Full disclosure: This is an affiliate link. If you click this link and buy this shirt, Amazon pays me.

In addition, GitHub makes it easy to share your files with others. GitHub users can fork or clone your repository. People who don’t have GitHub accounts can still browse your shared files online, and even download the entire repository as a zip file.

And finally, once you learn Markdown (which we will be doing here, very soon) you can easily create a webpage for your project, hosted on GitHub, at no cost. This is most commonly used for documentation, but it’s a simple and easy way to get on the web. Just last week, I met a young programmer who showed me his portfolio, hosted on GitHub.

OK, let’s get started!

Register a GitHub Account

First, register a free GitHub account: https://github.com. For now, just use the free service. You can upgrade to a paid account, create private repositories, join organizations, and other things, later. But one thing you should think about at the very beginning is your username. I would suggest using some variant of your real name. You’ll want something that you feel comfortable revealing to a future potential employer. Also consider that things change; don’t include your current employer, school, or organization as part of your user name.

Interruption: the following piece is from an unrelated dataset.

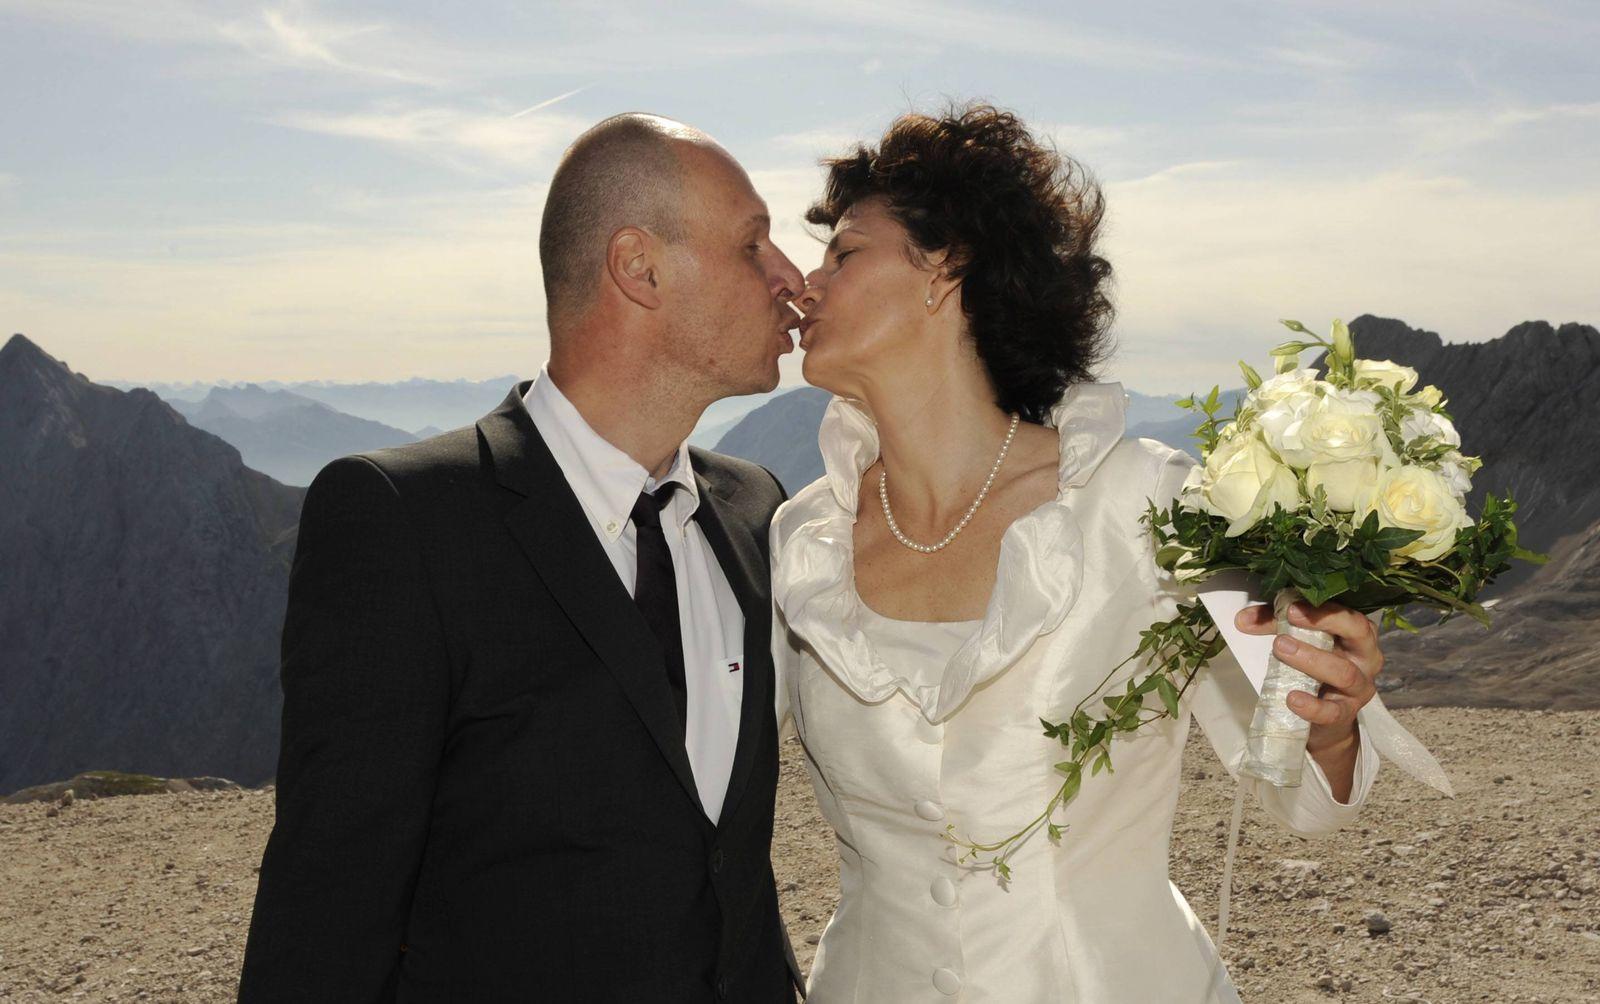 NICHT VERWENDEN Paare heiraten am 09.09.09 auf der Zugspitze

If you’ve been following along in this series, you’ve already installed R and R Studio. Otherwise, you should do that now. Instructions are in Part 1 of this series.

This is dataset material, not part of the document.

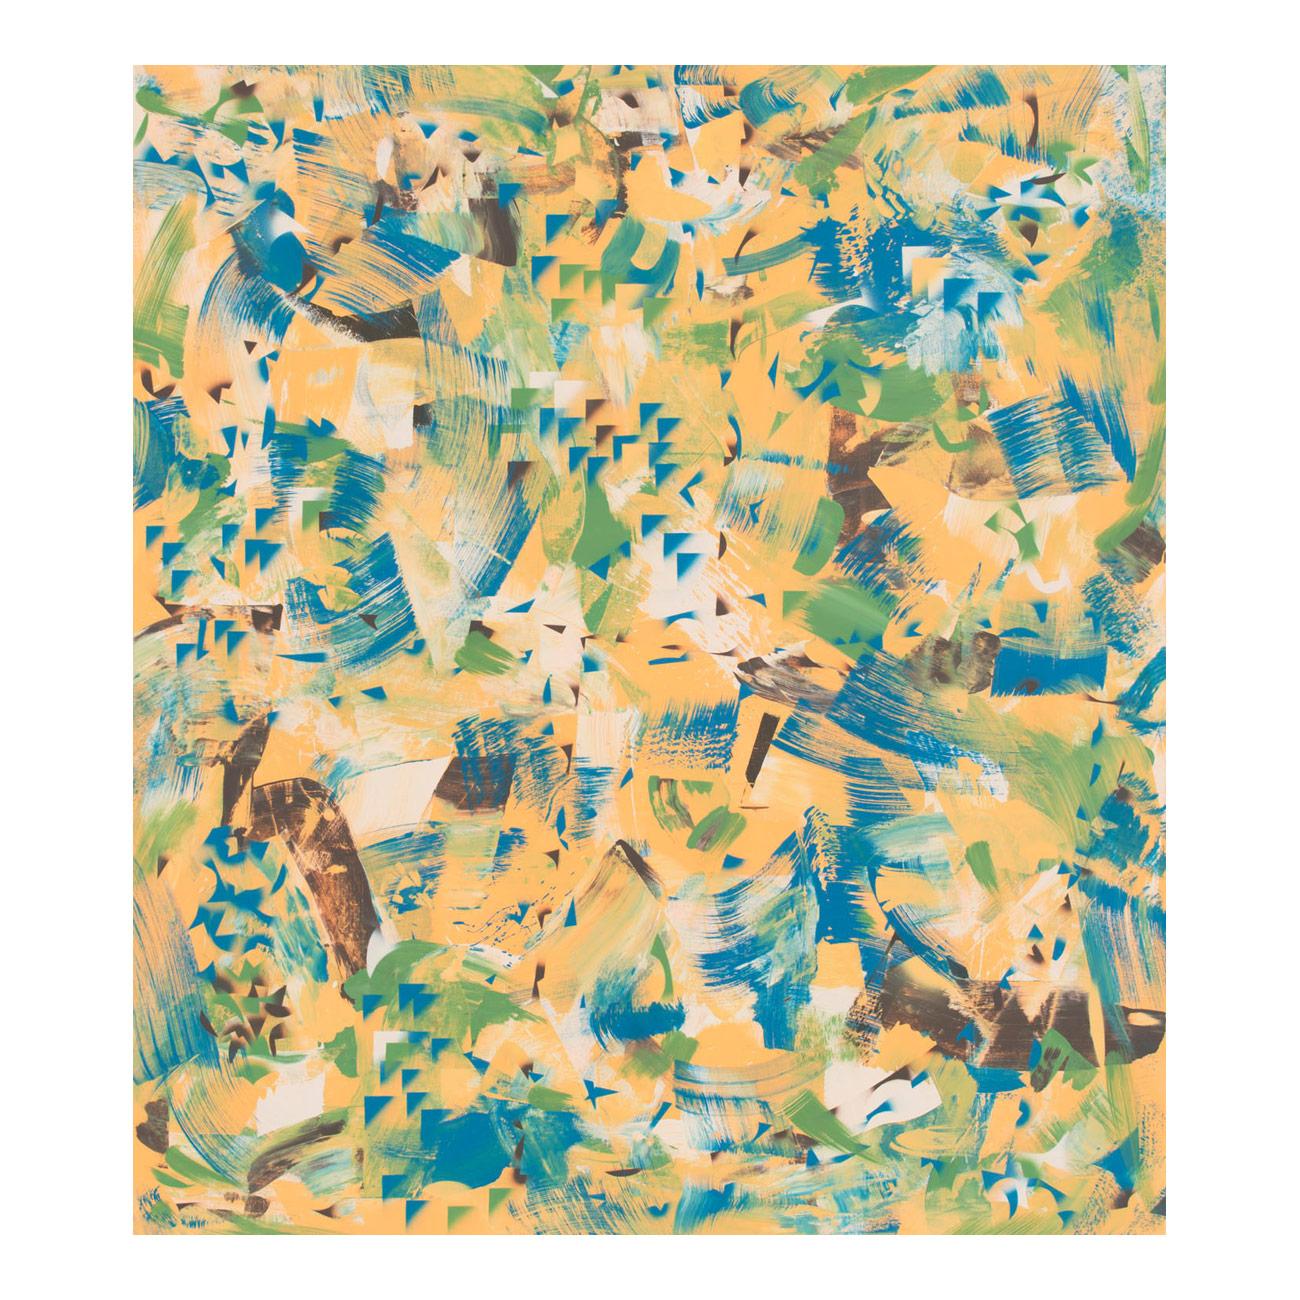 Piniennadel/man selbst . 2017 . 170 x 160 cm . Acryl auf Baumwolle

Installing and Configuring Git

Next, you’ll need to install git. If you are a Windows user, install Git for Windows. Just click on the link and follow the instructions. Accept any default settings that are offered during installation. This will install git in a standard location, which makes it easy for RStudio to find it. And it installs a BASH shell, which is a way to use git from a command line. This may come in handy if you want to use git outside of R/RStudio.

LINUX users can install git through their distro’s package manager. Mac users can install git from https://git-scm.com/downloads.

Now let’s tell git who you are. Go to a command prompt (or, in R Studio, go to Tools > Shell) and type:

git config --global user.name 'Your Name'

For Your Name, substitute your own name, of course. You could use your GitHub user name, or your actual first and last name. It should be something recognizable to your collaborators, as your commits will be tagged with this name.

git config --global user.email '[email protected]'

The email address you put here must be the same one you used when you signed up for GitHub.

To make sure this worked, type:

git config --global --list

and you should see your name and email address in the output.

Connect Git, GitHub, and RStudio

Let’s run through an exercise to make sure you can pull from, and push to, GitHub from your computer.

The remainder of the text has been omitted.